Then we began collecting surplus PCs to create the Stone SouperComputer.
The strategy behind parallel computing
is "divide and conquer." A parallel-processing system divides a complex
problem into smaller component tasks. The tasks are then assigned
to the system's nodes--for example, the PCs in a Beowulf cluster--which
tackle the components simultaneously. The efficiency of parallel processing
depends largely on the nature of the problem. An important consideration
is how often the nodes must communicate to coordinate their work and
to share intermediate results. Some problems must be divided into
myriad minuscule tasks; because these fine-grained problems require
frequent internode communication, they are not well suited for parallel
processing. Coarse-grained problems, in contrast, can be divided into
relatively large chunks. These problems do not require much communication
among the nodes and therefore can be solved very quickly by parallel-processing
Anyone building a Beowulf cluster must make
several decisions in designing the system. To connect the PCs, researchers
can use either standard Ethernet networks or faster, specialized networks,
such as Myrinet. Our lack of a budget dictated that we use Ethernet,
which is free. We chose one PC to be the front-end node of the cluster
and installed two Ethernet cards into the machine. One card was for
communicating with outside users, and the other was for talking with
the rest of the nodes, which would be linked in their own private
network. The PCs coordinate their tasks by sending messages to one
another. The two most popular message-passing libraries are message-passing
interface (MPI) and parallel virtual machine (PVM), which are
both available at no cost on the Internet. We use both systems in
the Stone SouperComputer.
Many Beowulf clusters are homogeneous,
with all the PCs containing identical components and microprocessors.
This uniformity simplifies the management and use of the cluster but
is not an absolute requirement. Our Stone SouperComputer would
have a mix of processor types and speeds because we intended to use
whatever surplus equipment we could find. We began with PCs containing
Intel 486 processors but later added only Pentium-based machines
with at least 32 megabytes of RAM and 200 megabytes of hard-disk
It was rare that machines met our minimum
criteria on arrival; usually we had to combine the best components
from several PCs. We set up the digital equivalent of an automobile
thief's chop shop for converting surplus computers into nodes for
our cluster. Whenever we opened a machine, we felt the same anticipation
that a child feels when opening a birthday present: Would the computer
have a big disk, lots of memory or (best of all) an upgraded motherboard
donated to us by accident? Often all we found was a tired old veteran
with a fan choked with dust.
Our room at Oak Ridge turned into
a morgue filled with the picked-over carcasses of dead PCs. Once we
opened a machine, we recorded its contents on a "toe tag" to facilitate
the extraction of its parts later on. We developed favorite and least
favorite brands, models and cases and became adept at thwarting passwords
left by previous owners. On average, we had to collect and process
about five PCs to make one good node.
As each new node joined the cluster, we loaded
the Linux operating system onto the machine. We soon figured
out how to eliminate the need to install a keyboard or monitor for
each node. We created mobile "crash carts" that could be wheeled over
and plugged into an ailing node to determine what was wrong with it.

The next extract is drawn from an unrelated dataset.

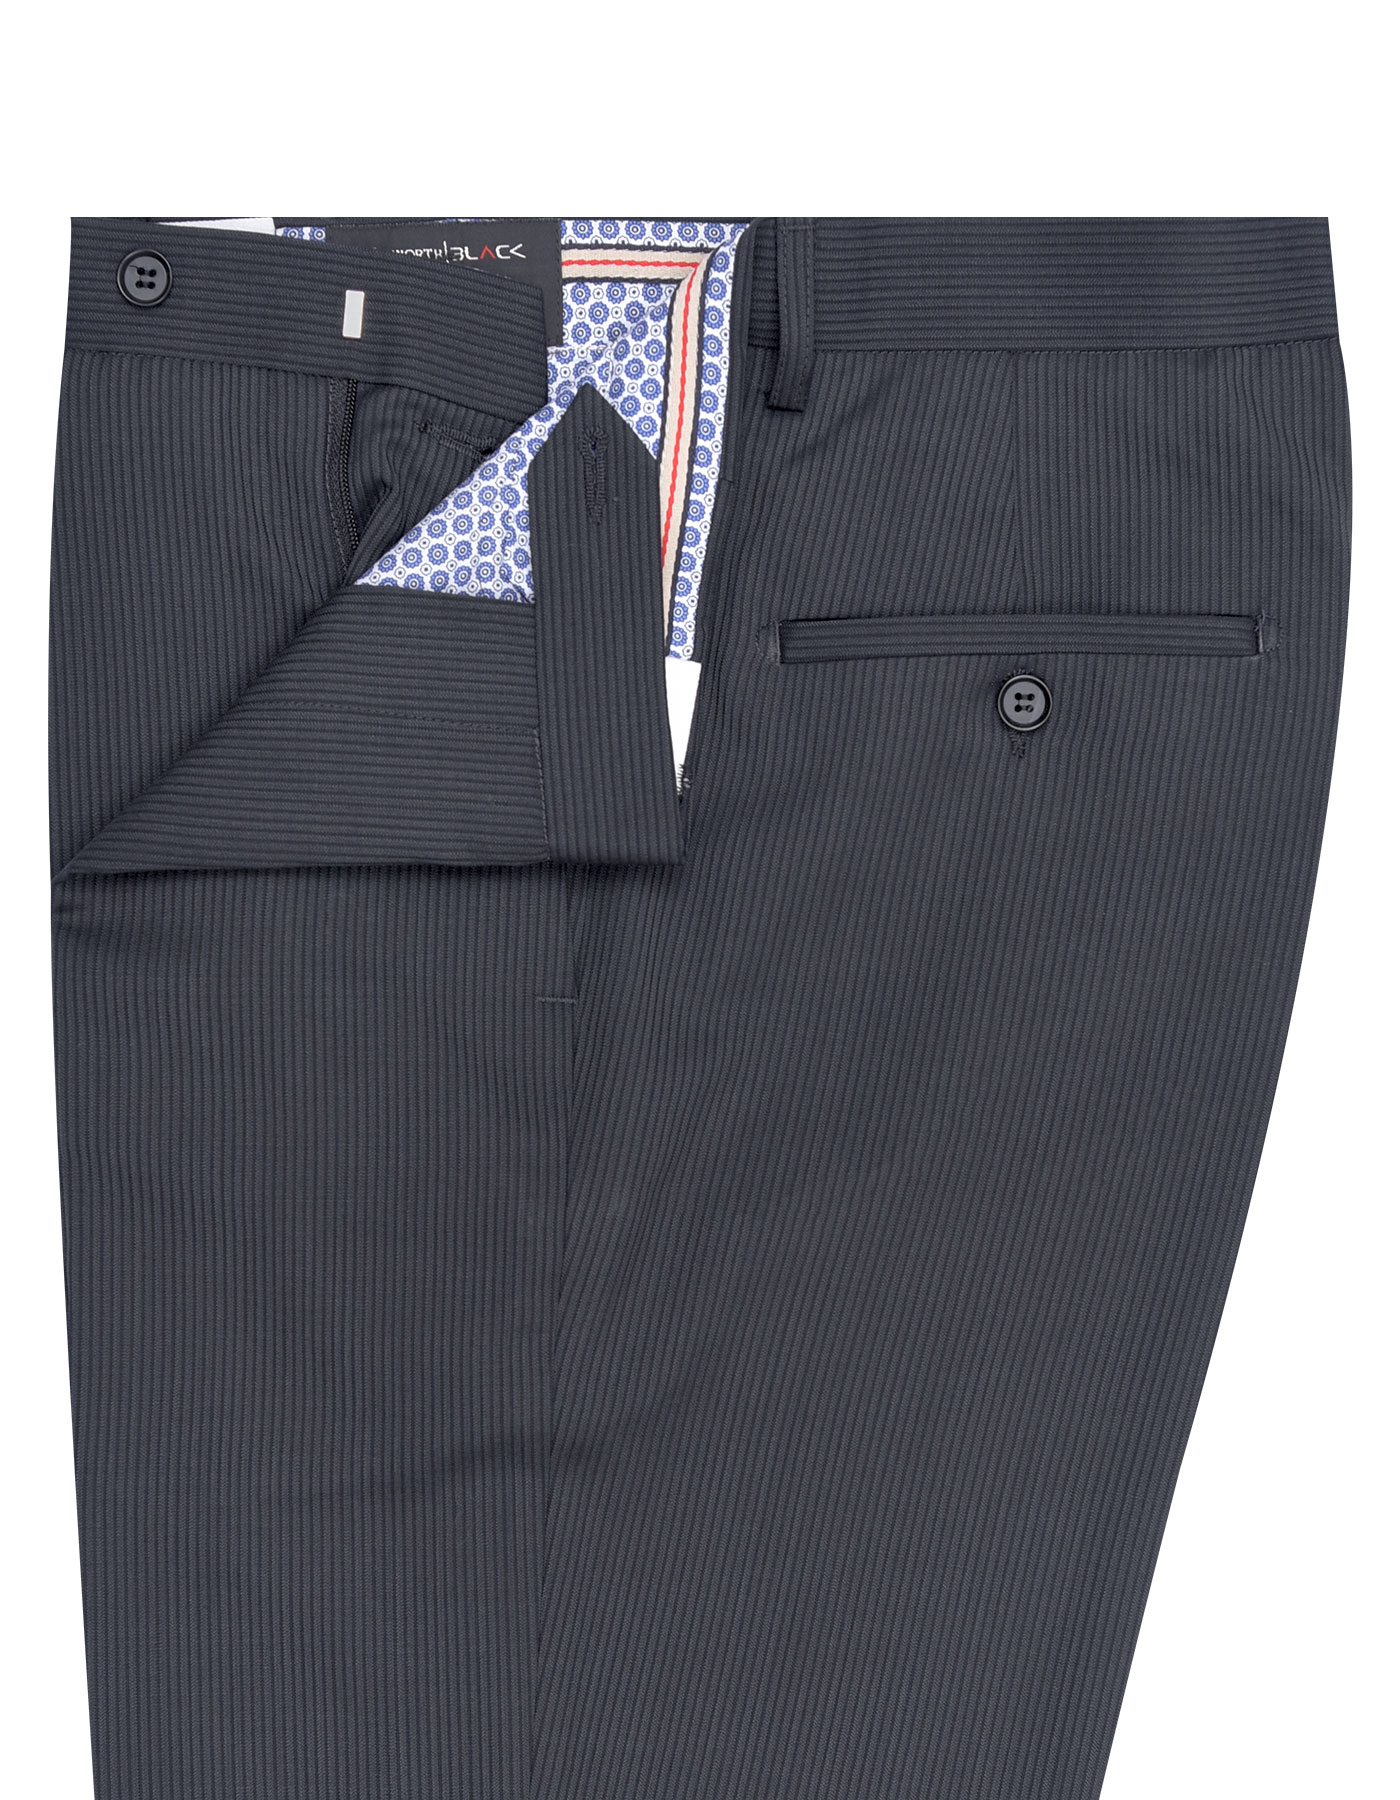 Grey Stripe Formal Trouser For Men

Eventually someone who wanted space in our room bought us shelves
to consolidate our collection of hardware. The Stone SouperComputer
ran its first code in early 1997, and by May 2001 it contained 133
nodes, including 75 PCs with Intel 486 microprocessors, 53 faster
Pentium-based machines and five still faster Alpha workstations,
made by Compaq.
Upgrades to the Stone SouperComputer are
straightforward: we replace the slowest nodes first. Each node runs
a simple speed test every hour as part of the cluster's routine housekeeping
tasks. The ranking of the nodes by speed helps us to fine-tune our
cluster. Unlike commercial machines, the performance of the Stone
SouperComputer continually improves, because we have an endless
supply of free upgrades.
|COMPUTING CLUSTER at the American
Museum of Natural History in New York City contains 560 Pentium
III microprocessors. Researchers use the system to study evolution
and star formation.
Parallel programming requires skill and creativity
and may be more challenging than assembling the hardware of a Beowulf
system. The most common model for programming Beowulf clusters is
a master-slave arrangement. In this model, one node acts as the master,
directing the computations performed by one or more tiers of slave
nodes. We run the same software on all the machines in the Stone SouperComputer,
with separate sections of code devoted to the master and slave nodes.
Each microprocessor in the cluster executes only the appropriate section.

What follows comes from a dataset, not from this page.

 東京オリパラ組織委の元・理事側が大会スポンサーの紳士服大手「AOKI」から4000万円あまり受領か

Programming errors can have dramatic effects, resulting in a digital
train wreck as the crash of one node derails the others. Sorting through
the wreckage to find the error can be difficult.

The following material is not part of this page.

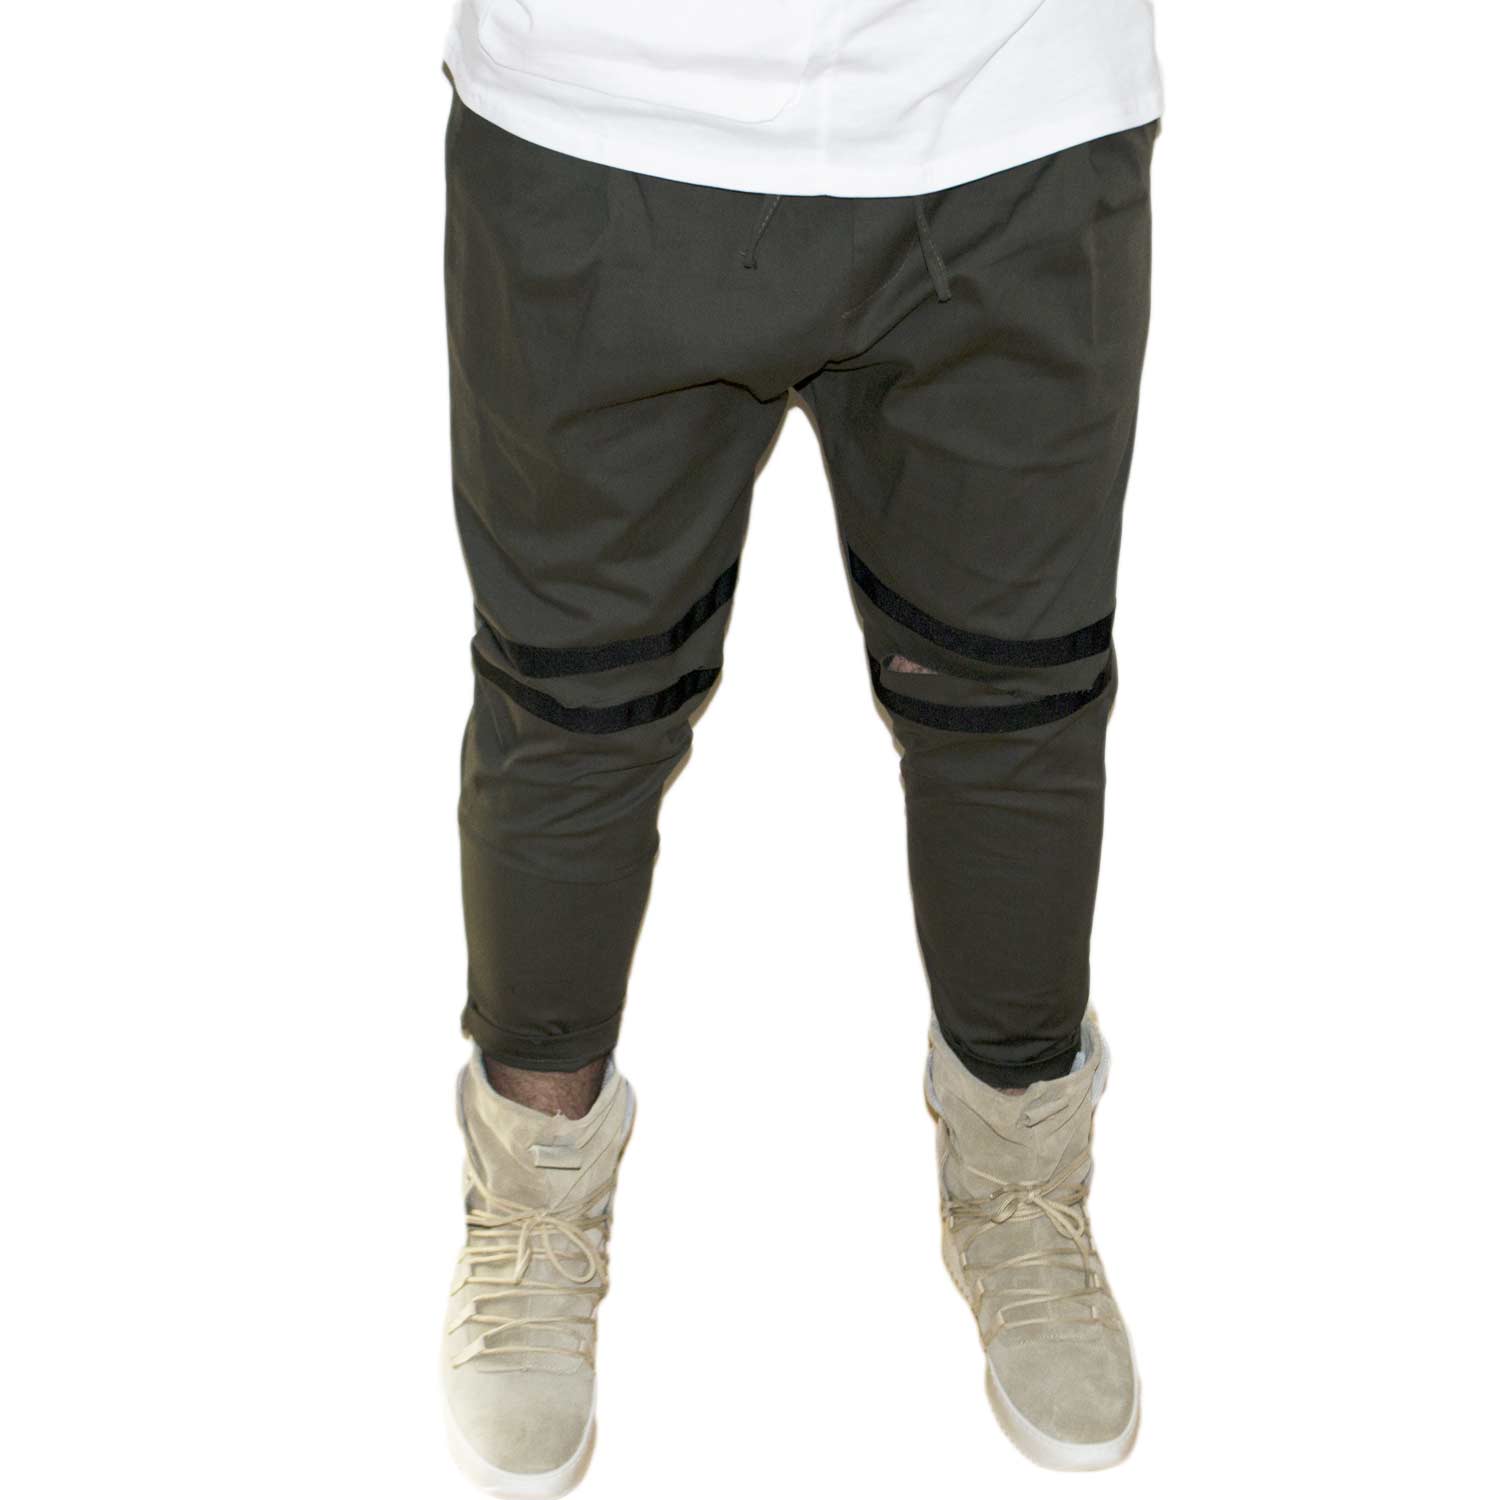 Pantaloni jogger verdi uomo con elastico e coulisse e tasche laterali strappi sul ginocchio striscia nera moda giovane.

Another challenge is balancing the processing workload
among the cluster's PCs. Because the Stone SouperComputer contains
a variety of microprocessors with very different speeds, we cannot
divide the workload evenly among the nodes: if we did so, the faster
machines would sit idle for long periods as they waited for the slower
machines to finish processing.
Instead we developed a programming algorithm
that allows the master node to send more data to the faster slave
nodes as they complete their tasks. In this load-balancing arrangement,
the faster PCs do most of the work, but the slower machines still
contribute to the system's performance.
Our first step in solving the ecoregion mapping problem
was to organize the enormous amount of data--the 25 environmental
characteristics of the 7.8 million cells of the continental U.S.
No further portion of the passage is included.